The Bolshevik Babushka 

Design by Anasthasia Shilov

Eastern Blokh is a monthly column by Danya Blokh about Eastern European art and culture.

Nothing about Pelageya’s appearance in Mother (1926) suggests she is a revolutionary. Played by a stooped, gray-haired, and handkerchief-clad Vera Baranovskaya, she is the spitting image of a Russian grandmother who fears communists and prays to her icon every night. Yet this character, conceived in a novel by Maxim Gorky and immortalized onscreen by director Vsevolod Pudovkin, became one of Soviet film’s most recognizable protagonists. Indeed, her contrast with the courageous workers, revolutionaries, and military heroes of the Soviet Union’s fictional pantheon makes her symbolically resonant. In her most famous image, she stares forward with weary but determined eyes and clutches a red banner in her arms, manifesting the universal reach of revolution. Political consciousness is not just the terrain of young radicals, Pudovkin seems to say, but of mothers and fathers, grandmothers and grandfathers—everyone whose fate is bonded to another through love.

At the start of Mother, Pelageya is not only apolitical, but nearly depersonalized. Our first glimpse of her is a high-angle shot from the vantage point of her drunkard husband, who glares down at her while searching for possessions to sell for alcohol. Her expression in this shot is chillingly blank, as if she is too meek to express emotion. She wears the same avoidant gaze during almost every hardship she encounters: when her husband beats her; when he is recruited by factory bosses to beat up strikers and killed in a clash with the workers; and when her son Pavel, one of those striking workers, is sentenced to labor in Siberia for hiding arms in the house. Vera Baranovskaya’s performance is brilliant: she portrays Pelageya as a woman so thoroughly deprived of agency that she cannot muster an affective response to the tragedies befalling her. 

Only after her son’s arrest does Pelageya show signs of dawning subjectivity. The film implies that this is a result of her collaboration with the strikers, who are planning a jail-break for May Day. We see Pelageya smile for the first time when she visits Pavel in prison and sneaks him a note about the prison escape. Later, when she marches in the May Day parade, we even see her chat amicably with the workers. Her political participation remains cautious, clearly born from  her motherly desire to rescue her son; yet the familial role which once oppressed her has now begun to facilitate revolutionary consciousness and individualization. 
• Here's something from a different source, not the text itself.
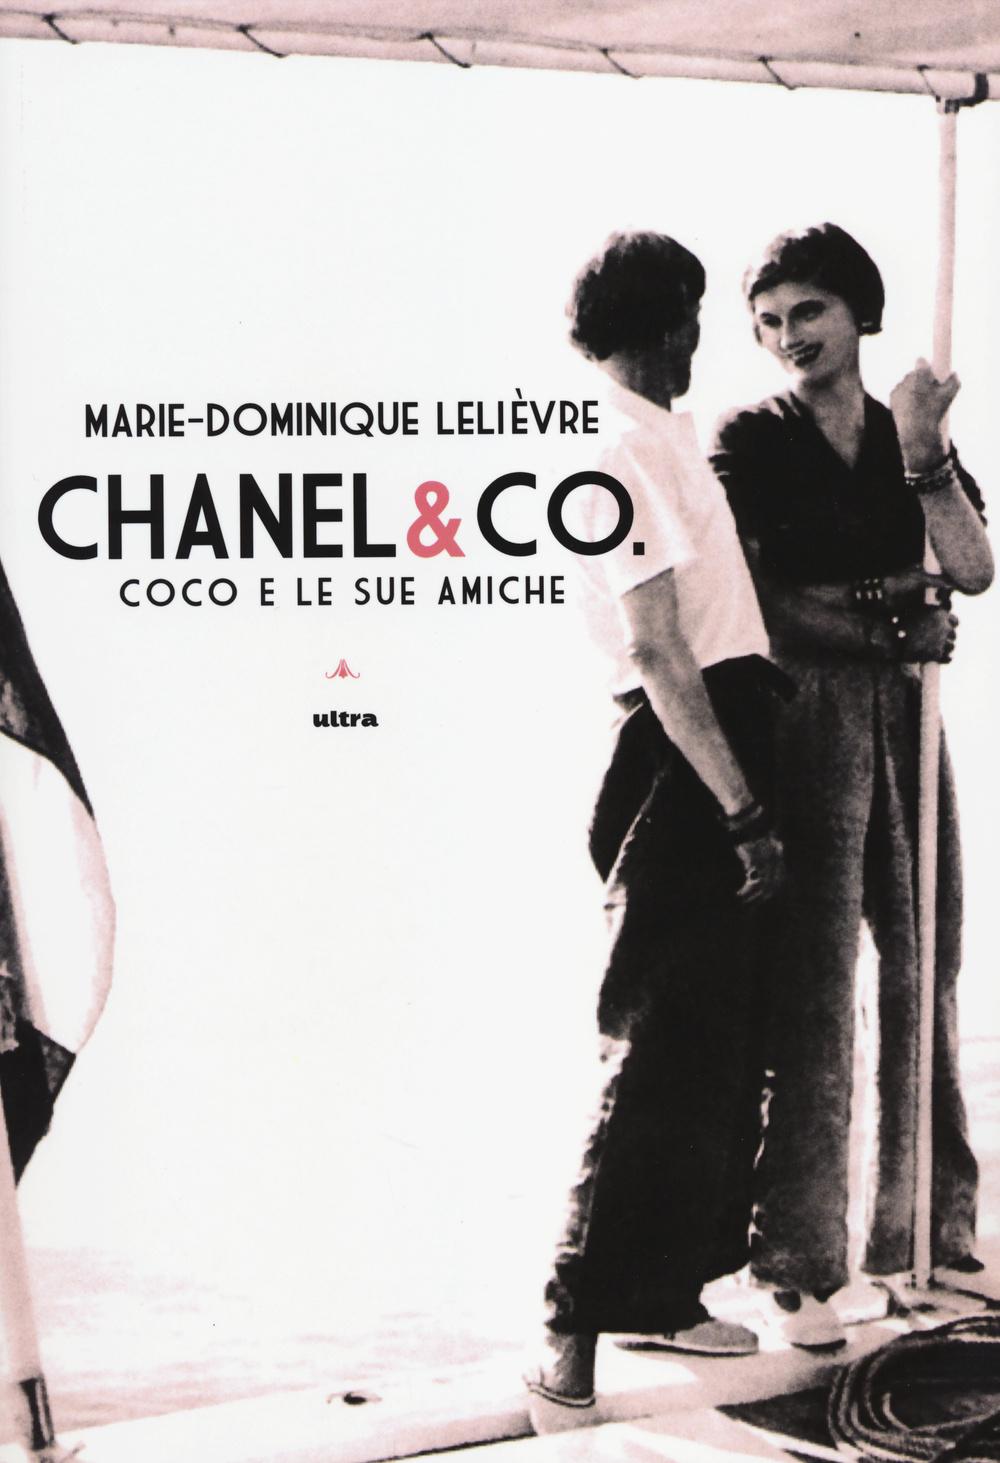 CHANEL & CO.COCO E LE SUE AMICHE

Pelageya’s path to radicalization through her identity as a mother coincides with the film’s overarching project of naturalizing revolution. Pudovkin portrays communism less as a radically new social order than as a liberation of natural familial connections suppressed by capitalist alienation. As the class conflict mounts throughout the film, it is punctuated by paysage scenes of tranquil forests, trickling water, and children playing in fields, suggesting that revolution is as organic as the cycle of the seasons. Scenes of river ice breaking apart suggest that the breakdown of the Tsarist system is an inevitable consequence of history’s progression; at the film’s climax, this symbolic image enters the diegesis as Pavel escapes firing prison guards by leaping across the chunks of floating ice. Ultimately, even Pudovkin’s aesthetically conservative style is an extension of this ethos: instead of shattering old forms like his contemporaries, Pudovkin reconciled them with the socialist cause. 

In the film’s final scene, Pavel runs into the crowd of workers and embraces Pelageya. Mother and son are reconciled; worker solidarity has repaired the familial bonds severed by bourgeois authorities. Suddenly, however, Tsarist cossacks charge at the proletarian crowd and begin to fire. Murdered workers fall into the mud. Pavel is shot dead, pulling Pelageya to the ground with him. Then—in the film’s most legendary frame—Pelageya stands with the revolutionary banner in her arms and faces the cossacks. Shot from below, her unblinking face is monumentalized, completely inverting our first glimpse of her. Though this scene lasts only a few seconds, it captures Pelageya’s utter transformation: by choosing to die holding the banner instead of escaping, Pelageya has taken the leap from obeying her familial duty to exercising her own political will. She is no longer only a mother, but also a revolutionary.